Bootstrapping and hazard ratio thresholds

Dominic Pearce, The Institute of Genetics and Molecular Medicine, The University of Edinburgh
2018-04-25

 

Bootstrapping and hazard ratio thresholds

 

Libraries

library(survivALL)
library(Biobase)
library(knitr)

 

To determine and ensure reliable prognostic association as a measure of significance, survivALL can perform a non-parametric bootstrapping procedure. In short we calculate, for each point-of-separation a distribution of expected hazard ratios (HRs), against which we're able to compare our observed HRs as part of our analysis.
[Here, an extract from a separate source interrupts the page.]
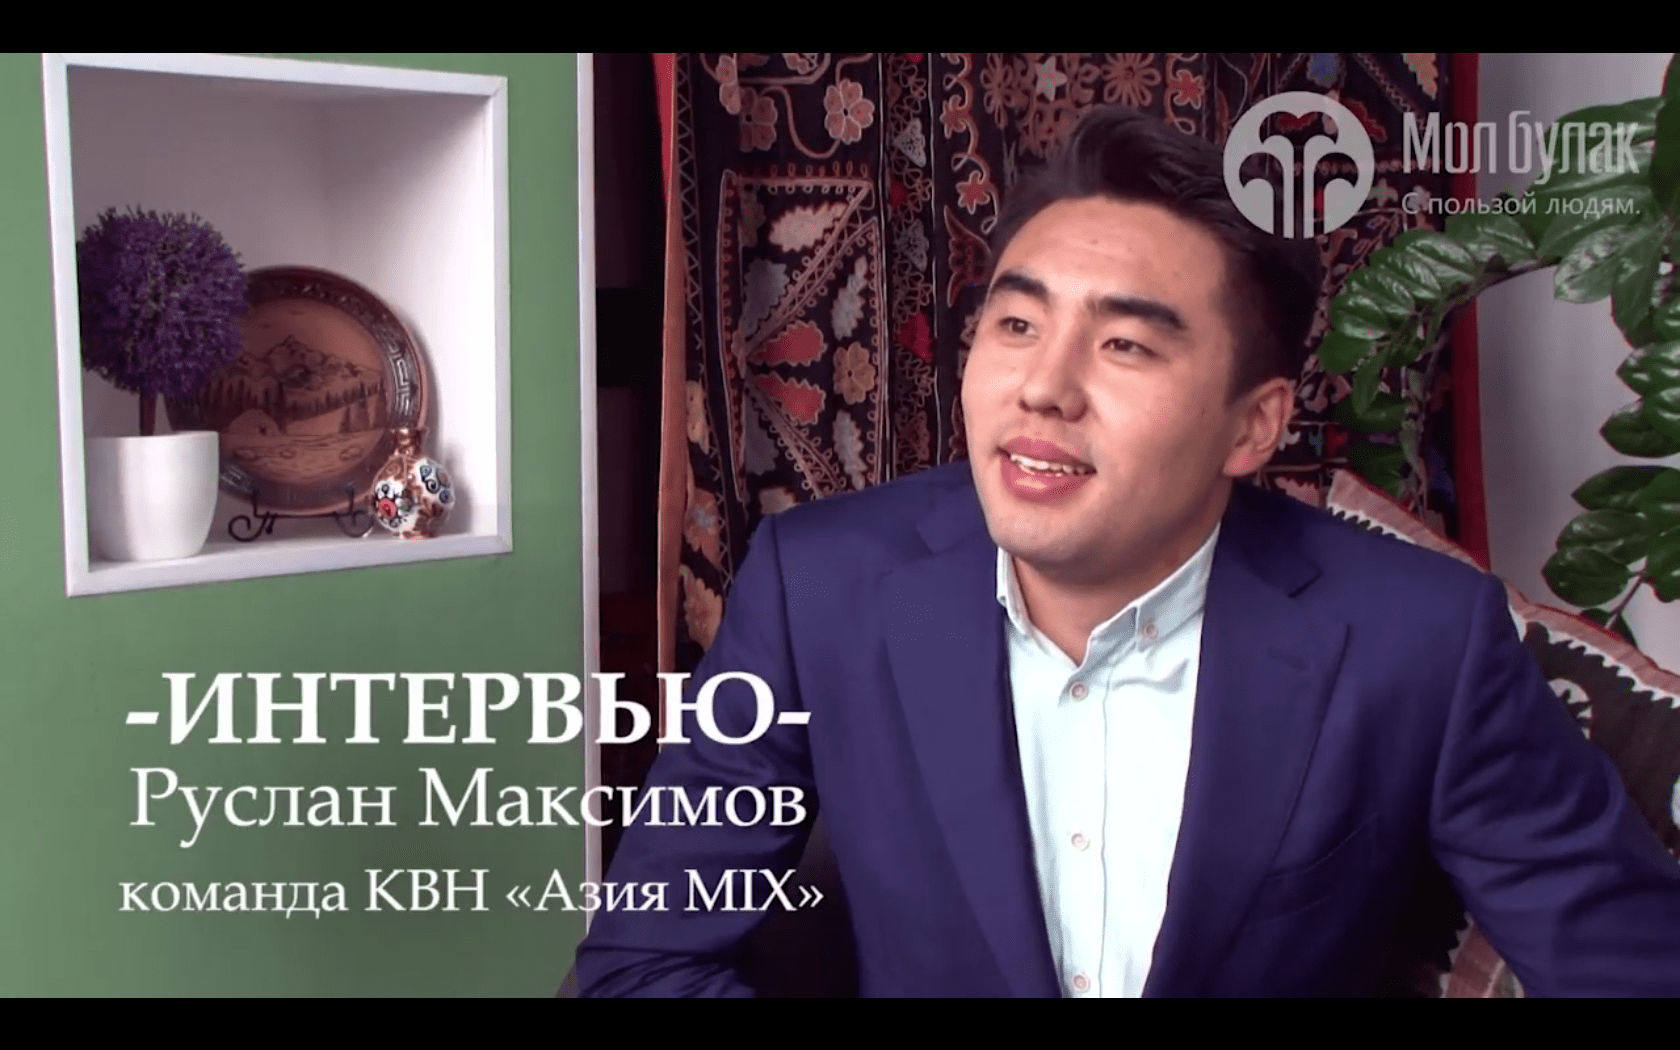 Интервью. Руслан Максимов, команда КВН "Азия MIX"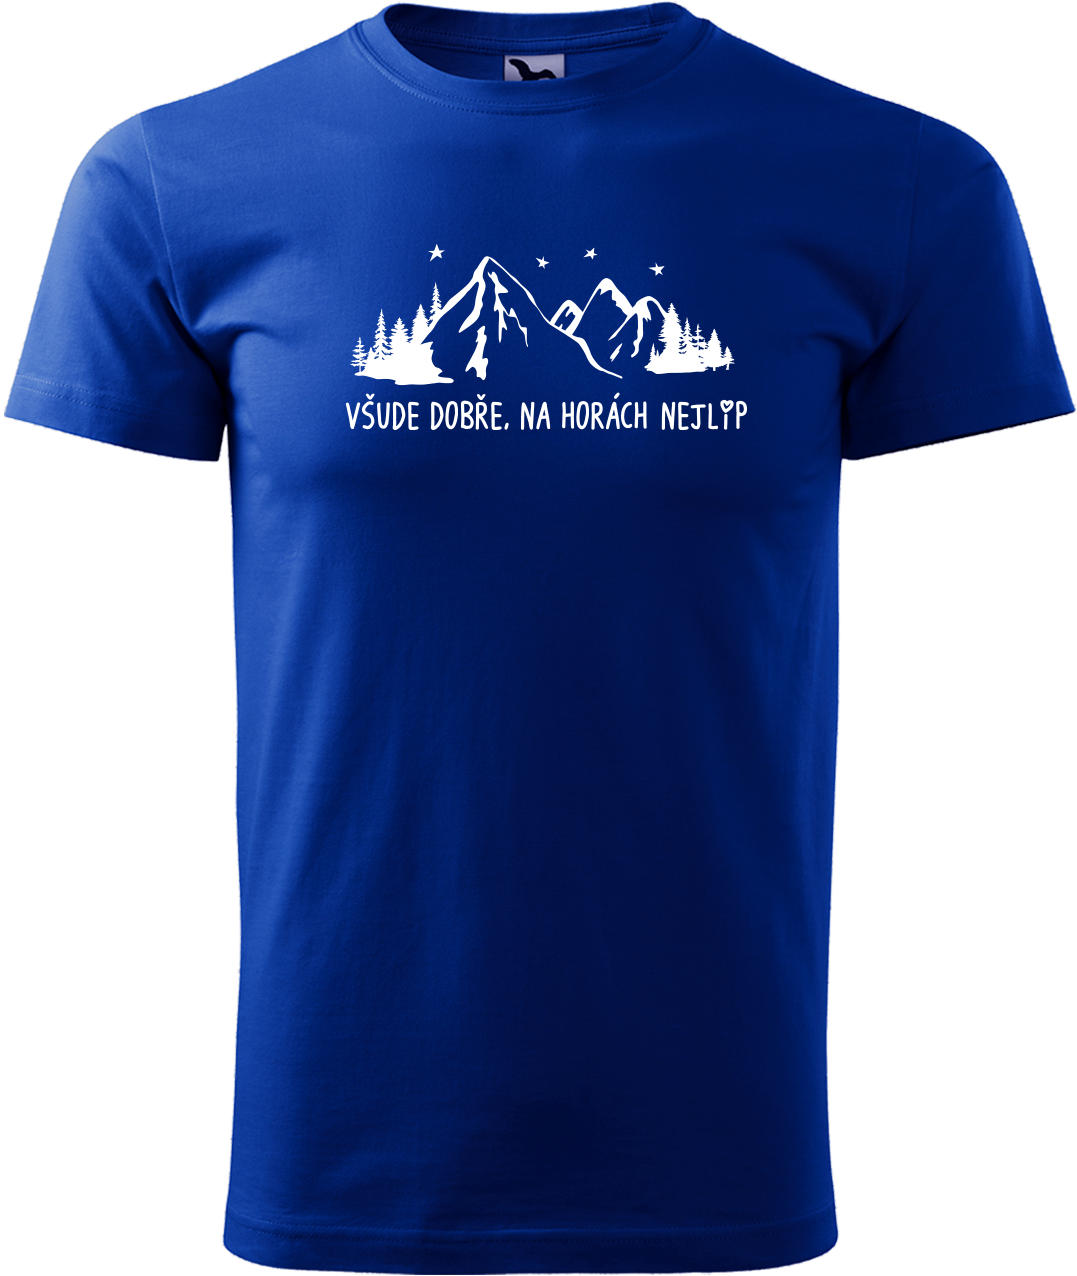 Pánské tričko na hory - Všude dobře, na horách nejlíp Velikost: XL, Barva: Královská modrá (05)

To achieve this, we randomly sample our survival data with replacement and then calculate survival statistics for all points-of-separation, exactly as we would for a biomarker under investigation. By repeating this procedure 1,000s or 10,000s of times, we produce our distribution of expected hazard ratios.

 

data(nki_subset)

#bootstrapping data should be in the format of 1 repeat per column
bs_mtx <- matrix(nrow = ncol(nki_subset), ncol = 20)

system.time(
            for(i in 1:ncol(bs_mtx)){
                bs_mtx[, i] <- allHR(measure = sample(1:ncol(nki_subset), 
                                                      replace = TRUE),
                                     srv = pData(nki_subset),
                                     time = "t.dmfs",
                                     event = "e.dmfs")
            }
)

user system elapsed 24.313 0.296 24.632


kable(bs_mtx[1:20, 1:5])
NA NA NA NA NA
-0.4014227 NA NA -0.4576410 NA
0.2984494 -0.4491361 NA 0.0792404 -0.8907620
-0.5303545 0.0990314 0.4857405 0.7285488 NA
-0.1702408 0.6413651 0.8452752 1.0275861 -0.7785881
0.1814099 0.9289172 1.1349544 0.0946139 -0.3816460
-0.1740861 -0.0305109 0.1757499 0.3099642 -0.9078913
0.0197442 0.3146530 0.4616417 -0.2501668 -0.4518784
-0.3744622 0.5120723 -0.0896996 -0.4760801 -0.3932269
-0.1658159 0.6869374 0.0243721 -0.3161967 -0.1424456
-0.0318268 0.8520492 0.0243721 -0.1669160 0.1284438
0.1789310 1.0547973 0.1929272 -0.3623228 0.3106466
0.2946136 1.1722670 0.4310035 -0.2210120 0.4851842
0.3954521 NA 0.6013607 -0.0617779 0.6461764
0.5589154 NA 0.7511898 -0.0617779 0.8070691
0.6965117 NA 0.8487477 -0.3131932 0.4366925
0.3651488 NA 0.9855458 -0.1528381 0.5390877
0.2145058 1.1179661 1.0938748 -0.0143247 0.6437619
0.0621976 1.2047041 0.7007348 -0.1846323 0.6883963
0.1542357 1.2857949 0.7851356 -0.1051644 0.8163849

 

Having calculated our bootstrapped data we then simply hand the matrix to either the survivALL() or plotALL() functions (using the bs_dfr = argument) to handle the subsequent significance calculations. It should be noted that bootstrapping up to 10,000x can be a long process requiring an investment of time.